War is not for humans

Soldiering is harder to automate than science, but it will be as well. One of the prime uses of robots is to do things that are too dangerous for humans, and fighting wars is about as dangerous as it gets. Robots already defuse bombs, and drones allow a platoon to see over the hill. Self-driving supply trucks and robotic mules are on the way. Soon we will need to decide whether robots are allowed to pull the trigger on their own. The argument for doing this is that we want to get humans out of harm’s way, and remote control is not viable in fast-moving, shoot-or-be-shot situations. The argument against is that robots don’t understand ethics, and so can’t be entrusted with life-or-death decisions. But we can teach them. The deeper question is whether we’re ready to.

It’s not hard to state general principles like military necessity, proportionality, and sparing civilians. But there’s a gulf between them and concrete actions, which the soldier’s judgment has to bridge. Asimov’s three laws of robotics quickly run into trouble when robots try to apply them in practice, as his stories memorably illustrate. General principles are usually contradictory, if not self-contradictory, and they have to be lest they turn all shades of gray into black and white. When does military necessity outweigh sparing civilians? There is no universal answer and no way to program a computer with all the eventualities. Machine learning, however, provides an alternative. First, teach the robot to recognize the relevant concepts, for example with data sets of situations where civilians were and were not spared, armed response was and was not proportional, and so on. Then give it a code of conduct in the form of rules involving these concepts. Finally, let the robot learn how to apply the code by observing humans: the soldier opened fire in this case but not in that case. By generalizing from these examples, the robot can learn an end-to-end model of ethical decision making, in the form of, say, a large MLN. Once the robot’s decisions agree with a human’s as often as one human agrees with another, the training is complete, meaning the model is ready for download into thousands of robot brains. Unlike humans, robots don’t lose their heads in the heat of combat. If a robot malfunctions, the manufacturer is responsible. If it makes a wrong call, its teachers are.
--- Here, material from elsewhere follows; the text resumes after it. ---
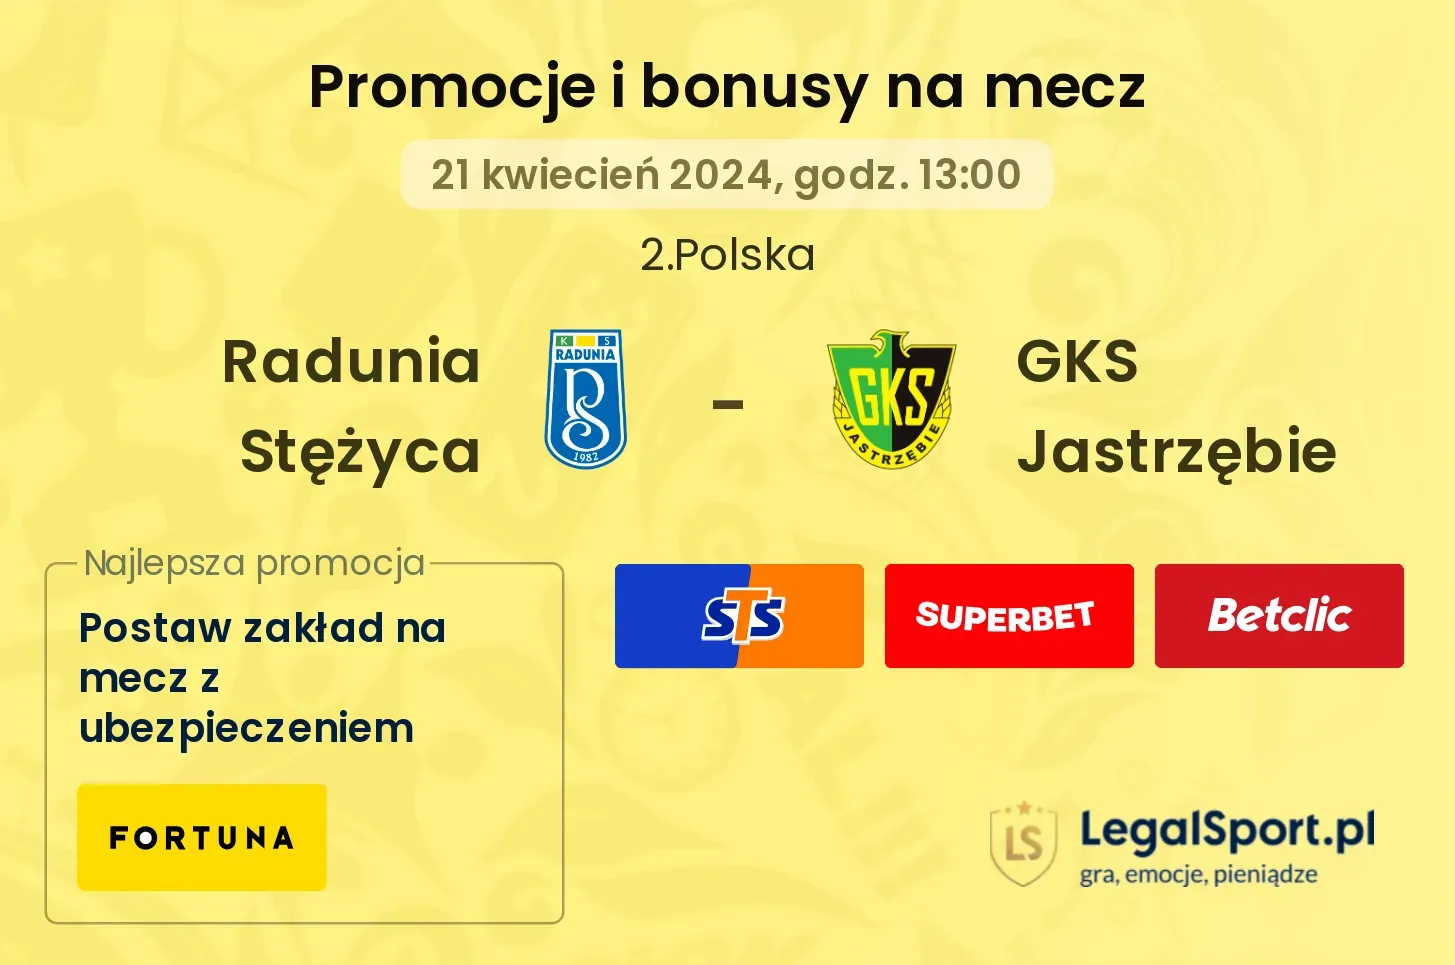 Radunia Stężyca - GKS Jastrzębie promocje bonusy na mecz

The main problem with this scenario, as you may have already guessed, is that letting robots learn ethics by observing humans may not be such a good idea. The robot is liable to get seriously confused when it sees that humans’ actions often violate their ethical principles. We can clean up the training data by including only the examples where, say, a panel of ethicists agrees that the soldier made the right decision, and the panelists can also inspect and tweak the model post-learning to their satisfaction. Agreement may be hard to reach, however, particularly if the panel includes all the different kinds of people it should. Teaching ethics to robots, with their logical minds and lack of baggage, will force us to examine our assumptions and sort out our contradictions. In this, as in many other areas, the greatest benefit of machine learning may ultimately be not what the machines learn but what we learn by teaching them.
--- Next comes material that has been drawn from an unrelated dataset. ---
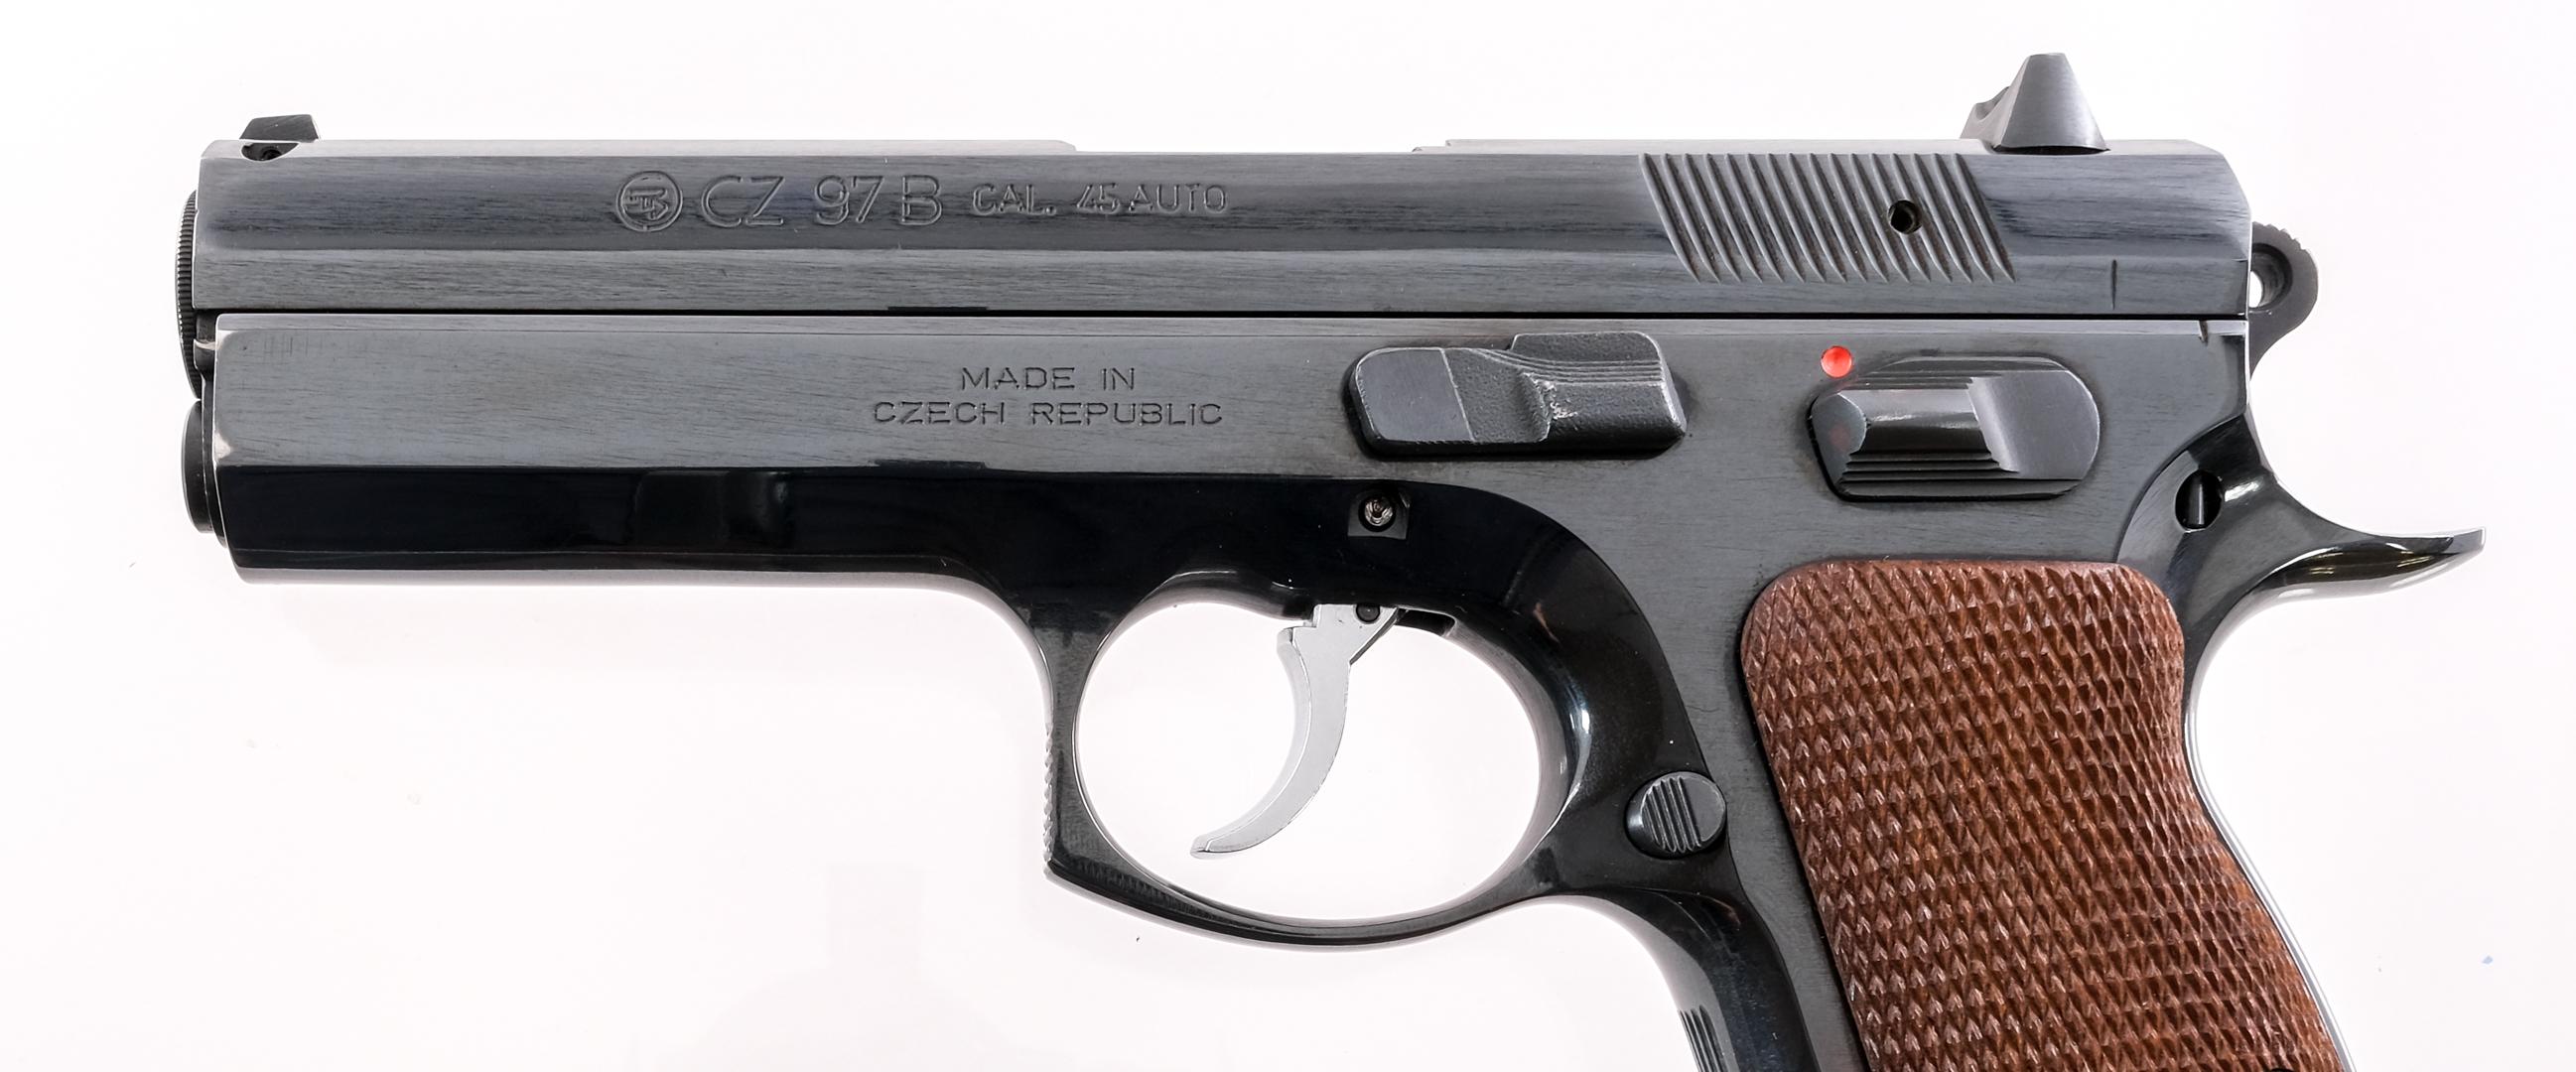 CZ 97 B .45 Semi-Auto Pistol

Another objection to robot armies is that they make war too easy. But if we unilaterally relinquish them, that could cost us the next war. The logical response, advocated by the United Nations and Human Rights Watch, is a treaty banning robot warfare, similar to the Geneva Protocol of 1925 banning chemical and biological warfare. This misses a crucial distinction, however. Chemical and biological warfare can only increase human suffering, but robot warfare can greatly decrease it. If a war is fought by machines, with humans only in command positions, no one is killed or wounded. Perhaps, then, what we should do, instead of outlawing robot soldiers, is-when we’re ready-outlaw human soldiers.

Robot armies may indeed make wars more likely, but they will also change the ethics of war. Shoot/don’t shoot dilemmas become much easier if the targets are other robots. The modern view of war as an unspeakable horror, to be engaged in only as a last resort, will give way to a more nuanced view of war as an orgy of destruction that leaves all sides impoverished and is best avoided but not at all costs. And if war is reduced to a competition to see who can destroy the most, then why not compete instead to create the most?

In any case, banning robot warfare may not be viable. Far from banning drones-the precursors of tomorrow’s warbots-countries large and small are busy developing them, presumably because in their estimation the benefits outweigh the risks. As with any weapon, it’s safer to have robots than to trust the other side not to. If in future wars millions of kamikaze drones will destroy conventional armies in minutes, they’d better be our drones. If World War III will be over in seconds, as one side takes control of the other’s systems, we’d better have the smarter, faster, more resilient network. (Off-grid systems are not the answer: systems that aren’t networked can’t be hacked, but they can’t compete with networked systems, either.) And, on balance, a robot arms race may be a good thing, if it hastens the day when the Fifth Geneva Convention bans humans in combat. War will always be with us, but the casualties of war need not be.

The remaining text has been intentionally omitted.